Comparison of altChunk to the DocumentBuilder Class

There are two ways to assemble multiple Open XML word processing documents into a single document:

This post compares and contrasts these two approaches.

altChunk Relies on the Consuming Application to do the Document Assembly

The biggest difference between the two approaches is that the altChunk technique relies on the consuming application to merge the documents.  The gist of the altChunk approach is that you embed the entire source document (whether it is another Open XML document, an HTML document, or simply text) as a binary part in the new document.  You then insert altChunk markup that refers to the binary part at the desired place where you want the inserted document to end up.  Compliant consuming applications are not required to recognize altChunk.  Novel Open Office, which can consume Open XML documents, doesn’t process altChunk.  In contrast, DocumentBuilder assembles a new document that contains basic Open XML word processing markup that can be consumed by a wide variety of consuming application, such as Novel Open Office, the Open XML Document Viewer, and more.  I’ve written a wide variety of Open XML SDK / LINQ to XML examples that consume Open XML word processing documents, and those examples don’t process the altChunk element.

altChunk Inserts Entire Documents

Another difference is that altChunk can only insert an entire document at a specified point.  You can’t pick and choose a subset of a source document to insert into the newly assembled document.  In contrast, DocumentBuilder allows you to specify a range of content from the source document to be inserted into the newly assembled document.  For example, you can assemble a new document from paragraphs 1-3 from one document, paragraphs 5-8 from a second document, and the entire contents of a third document.  Technically, with DocumentBuilder, you are not specifying paragraphs from the source document – you specify a range of child elements of the <w:body> element.  Child elements can include tables and content controls, for instance.

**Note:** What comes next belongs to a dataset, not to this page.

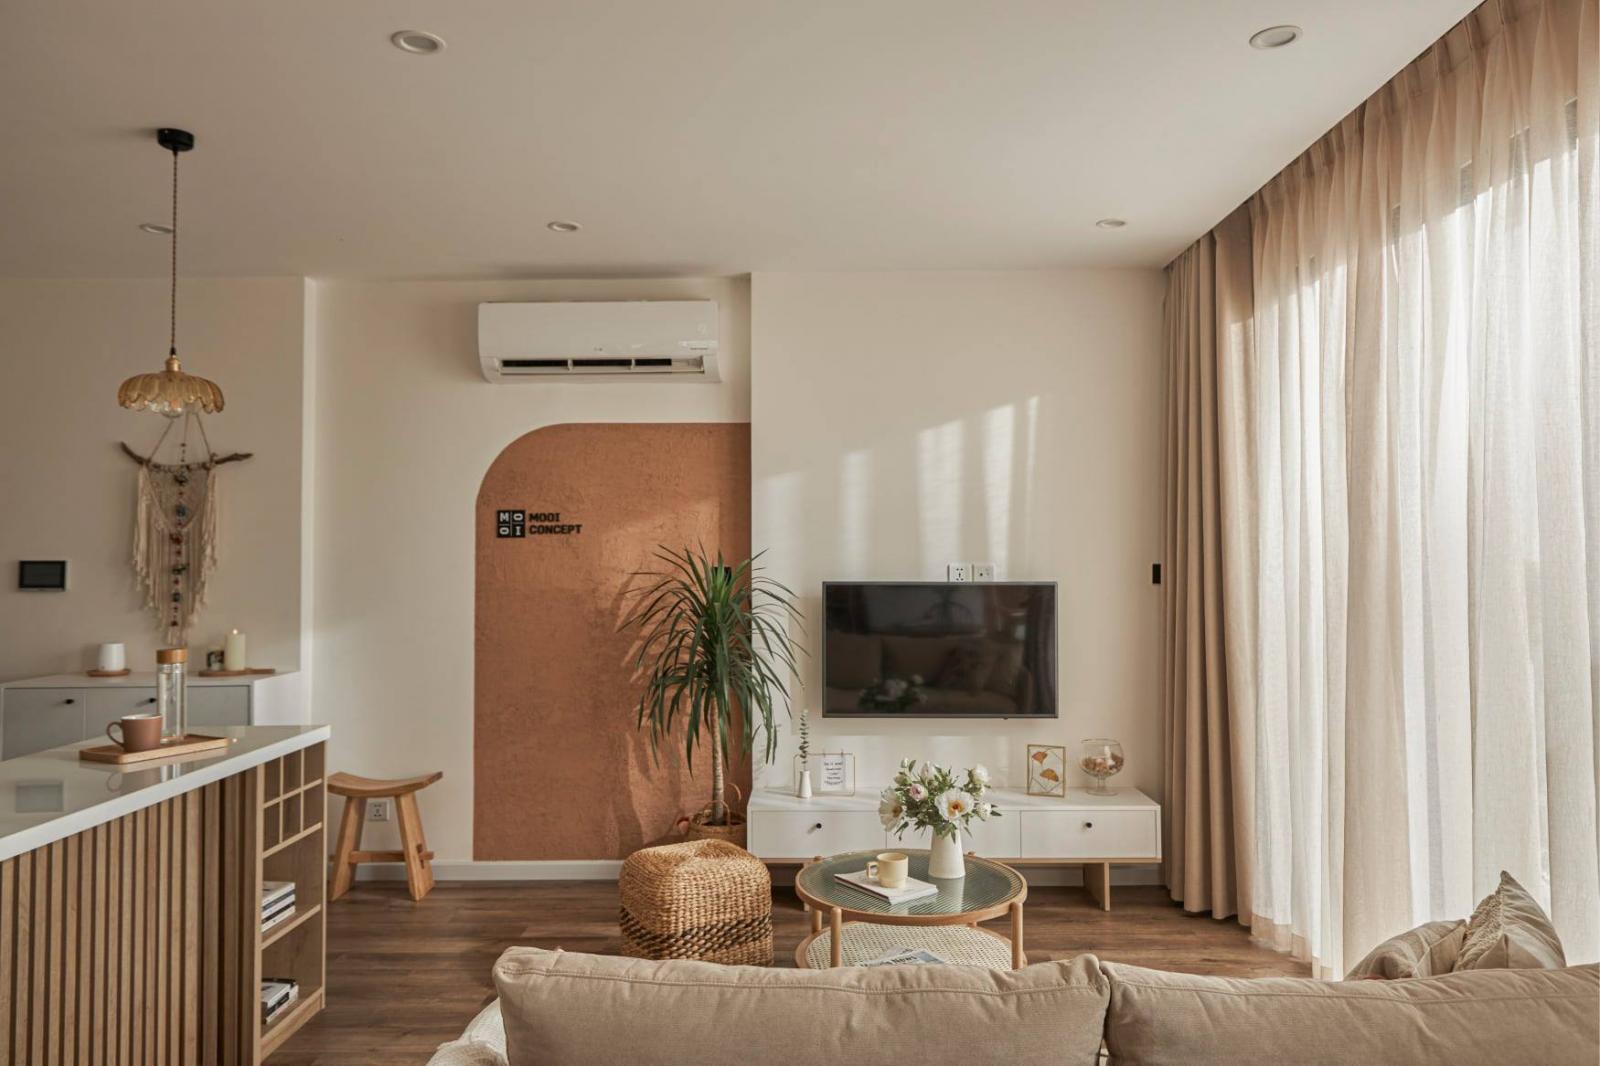 Thiết kế nội thất căn hộ phong cách Japandi đầy độc đáo với các mẹo bạn chưa từng biết (ảnh: Internet)

Inserting the entire document can be an issue when you require fine-grained control of the newly assembled document.  For instance, in Word 2007, you can’t create a document that contains just a table.  The document will also always contain an empty paragraph that follows the table.  This means that if you are merging two documents that each contains just a table, the resulting document will contain a blank paragraph between the two tables.  This was one of the issues called out by a number of folks who are using altChunk, as seen in comments on my altChunk post.

altChunk Code is Simpler

As you can see from the above mentioned blog posts, the code that you need to write to take advantage of altChunk is pretty simple.  In contrast, DocumentBuilder contains about 1000 lines of source code to resolve issues of interrelated markup.

altChunk can Merge HTML Documents

You can use altChunk to convert HTML to Open XML word processing documents.  In contrast, DocumentBuilder has no capabilities for working with HTML markup – you can only assemble multiple Open XML word processing documents into a new document.

Performance Differences

If you are assembling a large number documents using altChunk, the creation of the new document will be very fast, and the main document part of the assembled document will be very small – the body of the document consists of an altChunk element for each document.  Then, when opening in Microsoft Word 2007, it will take a bit longer than normal.  While opening, if the documents are large enough to take time to import, you can see a progress bar repeatedly iterate from 0% - 100% for each imported document at the bottom of the task window of Word.  When assembling a document using DocumentBuilder, the assembling will take a bit longer – processing time is proportional to the total size of imported chunks.  Then when Word opens the document, normal opening times apply.